SUCCESSFUL LANDING FOR THE SOYOUZ FUSEE

The Soyuz MS 11 rocket, currently the only means of transporting crews to the International Space Station (ISS), was successfully launched on Monday, 3 December, from the Baikonur Space Center in Kazakhstan.

It landed at 18:40 (Paris time) after taking off unhindered at 12:30, or 6:30 after the launch as planned. On board the crew of Expedition 58, composed of three astronauts:

David Saint-Jacques of the Canadian Space Agency, Ana McClain of NASA, and Russian cosmonaut Oleg Kononenko of Roscosmos. The three scientists took off for a six-and-a-half-month mission in orbit 400 kilometers above the Earth. The current crew of Sergei Prokopyev, Alexander Gerst and Serena Auñon-Chancellor are due back on December 20th.

This flight was a test for the Russian space industry, half a century after the beginning of the space conquest marked by the historic flight of Yuri Gagarin,

Indeed, on October 11, the rocket carrying the American Nick Hague and the Russian Alexey Ovitchinin had suffered a failure two minutes after takeoff.
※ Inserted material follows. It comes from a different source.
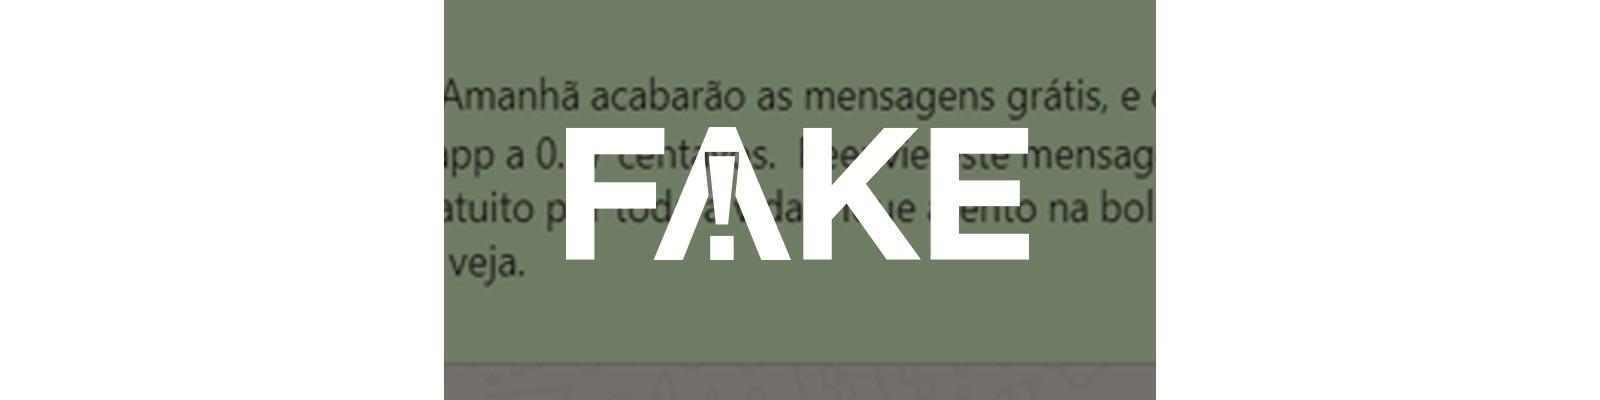 É #FAKE que WhatsApp passará a cobrar R$ 0,37 por envio de mensagens - Notícias - Plantão Diário

Added to this failure was another incident, namely the discovery of a leak in August on one of the Soyuz vessels stationed aboard the ISS.

Although Soyuz remains one of the safest space programs in history, doubts have been expressed about the Russian space industry, which has been plagued by failures in recent years. In the United States, which has invested $ 100 billion in 28 years in the Space Station, NASA leaders and politicians are worried about their reliance on a single space transportation system.

Vladimir Vladimir Putin asked his agency in July "to drastically improve the quality and reliability of Russian spacecraft and launchers". Roscosmos is facing rising cost problems, insufficient technology and lack of skilled labor.

The Russian space industry is struggling to replace an aging workforce with young engineers and technicians with unattractive salaries. Added to this is corruption and embezzlement. Since 2014, 140 investigations have been opened following embezzlement around the construction of the Vostochny Cosmodrome.

If Russia had until then had the monopoly of these trips since 2011 and the shutdown of the American Space Shuttle, it should face in 2019 the competition of "space taxis" SpaceX and Boeing.